Speaker: Eamonn Fingleton - Author and former editor for Forbes and Financial Times
Theme: The collapse of America's advanced manufacturing base has played a key role in the present world financial crisis. It is thanks to this decline that the American trade deficits have ballooned out of control in recent years, with the highly destabilizing result that more and more of the world's capital have been sucked into an American financial void.
The mirror opposite of America's performance has been that of Japan, which has now succeeded to America's erstwhile position as the world leader in highly capital-intensive and know-how-intensive manufacturing -- particularly in things that are almost invisible to the consumer (and virtually never noticed in the Western press) such as machine tools, advanced materials, and key components. By no coincidence Japan has become a huge capital exporter -- bigger indeed in real terms than the United States ever was at the zenith of American dominance of the world economy in the 1950s and 1960s.
As a percentage of GDP, America's current account deficits in recent years represent the worst peacetime trade performances of any major nation since Italy in 1924 -- the year before Mussolini seized absolute power. Unlike Italy in 1924, however, America's trade deficits are "baked in" (because America's erstwhile biggest exporters have shut their factories and sold their equipment). In that sense the real comparison is with the final "basket case" years of the Ottoman Empire. If the United States were a company, it would long ago have been declared bankrupt.
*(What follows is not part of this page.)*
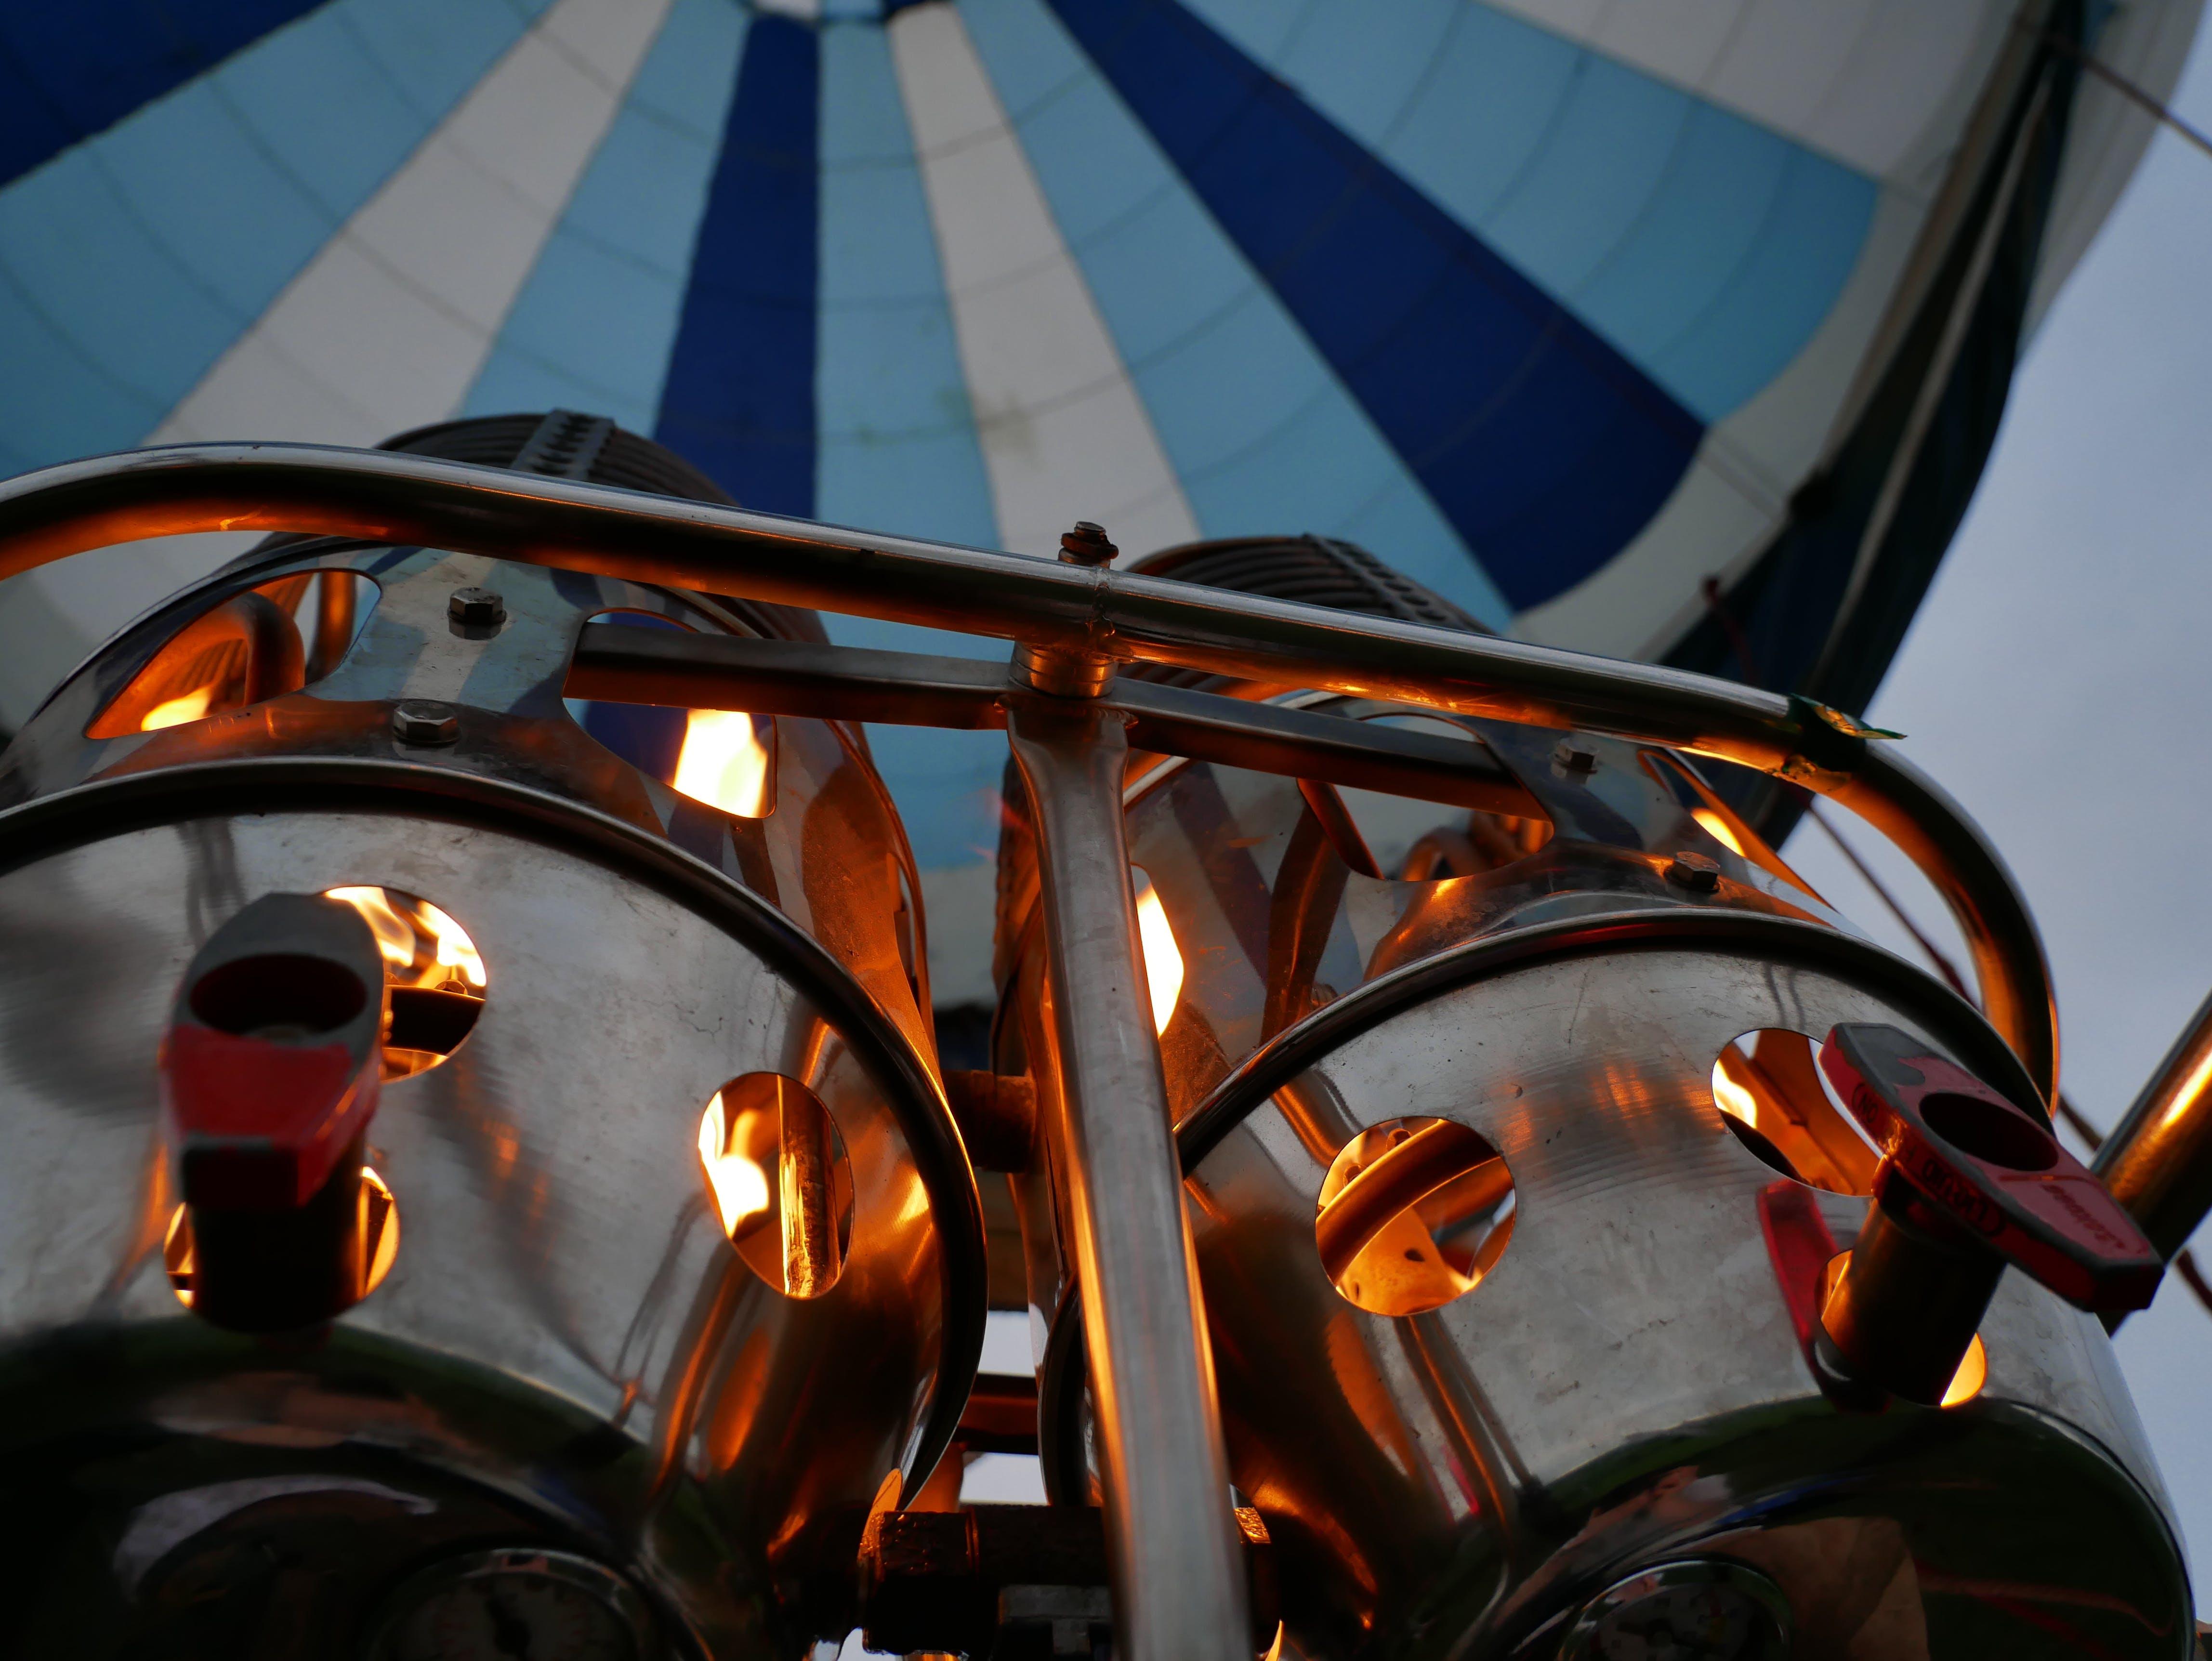 Gratis lagerfoto af ballon, brænder, enkelt fokus, farverig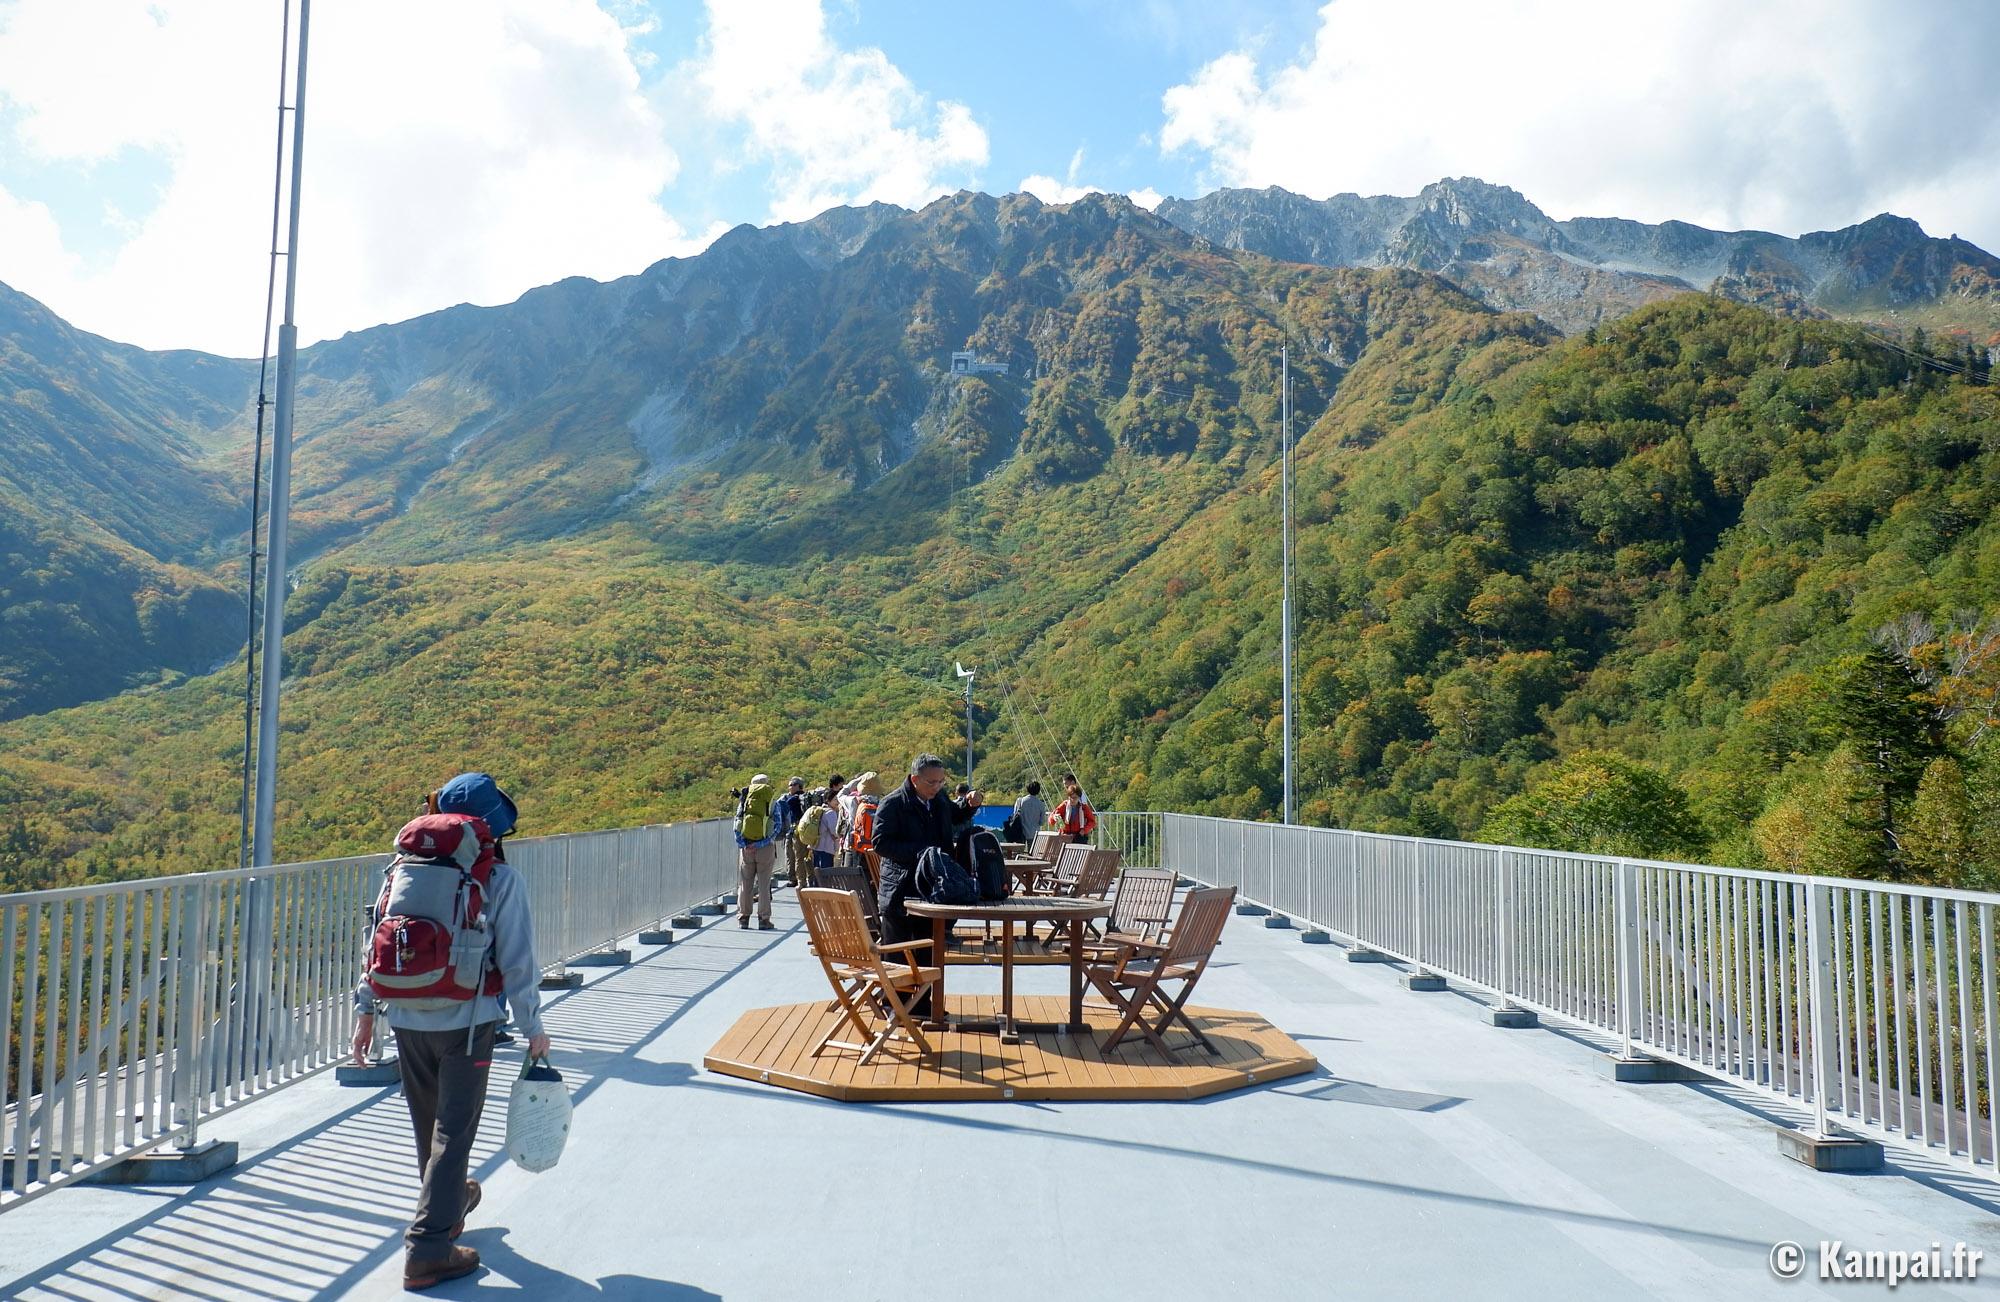 Japon : profitez de la route alpine Tateyama Kurobe à l'automne

Profile: Eamonn Fingleton, a former editor for Forbes and the Financial Times, has been monitoring East Asian economics since he met China's supreme leader Deng Xiaoping in 1986 as a member of a U.S. financial delegation. In Blindside, a controversial 1995 analysis praised by J.K. Galbraith and Bill Clinton, he showed that America was losing its leadership in advanced manufacturing to Japan. His 1999 book, In Praise of Hard Industries, anticipated the American Internet stock crash of 2000. In his 2008 book, In the Jaws of the Dragon, he issues a challenge to the conventional view that China is converging to Western economic and political forms.